> Problem details
Please transcribe the data that follows exactly, from its first line through the line that contains "Завод АЭРОМЕХ-сепаратор САД-30".

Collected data

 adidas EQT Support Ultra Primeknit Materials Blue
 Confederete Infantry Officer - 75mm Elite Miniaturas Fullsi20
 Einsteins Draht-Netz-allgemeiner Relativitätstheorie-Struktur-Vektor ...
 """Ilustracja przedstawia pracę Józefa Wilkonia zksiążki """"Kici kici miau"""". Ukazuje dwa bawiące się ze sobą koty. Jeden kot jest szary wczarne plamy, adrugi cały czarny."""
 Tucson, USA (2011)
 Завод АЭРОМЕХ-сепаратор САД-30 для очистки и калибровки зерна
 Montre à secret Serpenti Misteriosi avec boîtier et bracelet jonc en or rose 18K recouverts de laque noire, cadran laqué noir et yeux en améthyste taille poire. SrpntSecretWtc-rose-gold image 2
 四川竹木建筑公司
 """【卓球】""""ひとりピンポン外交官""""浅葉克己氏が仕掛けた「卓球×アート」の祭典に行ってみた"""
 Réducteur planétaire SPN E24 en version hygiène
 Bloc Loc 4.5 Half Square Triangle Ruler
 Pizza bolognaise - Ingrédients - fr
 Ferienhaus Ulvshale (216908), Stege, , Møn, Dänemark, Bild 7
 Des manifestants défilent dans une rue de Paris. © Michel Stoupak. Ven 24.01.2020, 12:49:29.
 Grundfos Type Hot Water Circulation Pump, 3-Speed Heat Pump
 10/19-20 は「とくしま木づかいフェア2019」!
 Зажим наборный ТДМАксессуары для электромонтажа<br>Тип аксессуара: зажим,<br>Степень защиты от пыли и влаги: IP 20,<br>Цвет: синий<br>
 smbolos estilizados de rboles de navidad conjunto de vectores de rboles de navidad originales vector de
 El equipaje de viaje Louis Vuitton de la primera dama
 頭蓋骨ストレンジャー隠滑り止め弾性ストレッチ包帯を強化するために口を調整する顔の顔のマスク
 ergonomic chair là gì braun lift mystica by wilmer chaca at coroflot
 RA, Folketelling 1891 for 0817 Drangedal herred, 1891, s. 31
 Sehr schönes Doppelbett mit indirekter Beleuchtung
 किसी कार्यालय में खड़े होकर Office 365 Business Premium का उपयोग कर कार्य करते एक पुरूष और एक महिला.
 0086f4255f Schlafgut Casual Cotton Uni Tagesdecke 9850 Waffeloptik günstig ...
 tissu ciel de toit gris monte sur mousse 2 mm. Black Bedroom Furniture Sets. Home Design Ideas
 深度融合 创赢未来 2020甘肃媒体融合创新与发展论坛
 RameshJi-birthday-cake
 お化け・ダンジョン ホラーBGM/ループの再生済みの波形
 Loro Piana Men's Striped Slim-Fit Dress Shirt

> Solution to this task
 adidas EQT Support Ultra Primeknit Materials Blue
 Confederete Infantry Officer - 75mm Elite Miniaturas Fullsi20
 Einsteins Draht-Netz-allgemeiner Relativitätstheorie-Struktur-Vektor ...
 """Ilustracja przedstawia pracę Józefa Wilkonia zksiążki """"Kici kici miau"""". Ukazuje dwa bawiące się ze sobą koty. Jeden kot jest szary wczarne plamy, adrugi cały czarny."""
 Tucson, USA (2011)
 Завод АЭРОМЕХ-сепаратор САД-30 для очистки и калибровки зерна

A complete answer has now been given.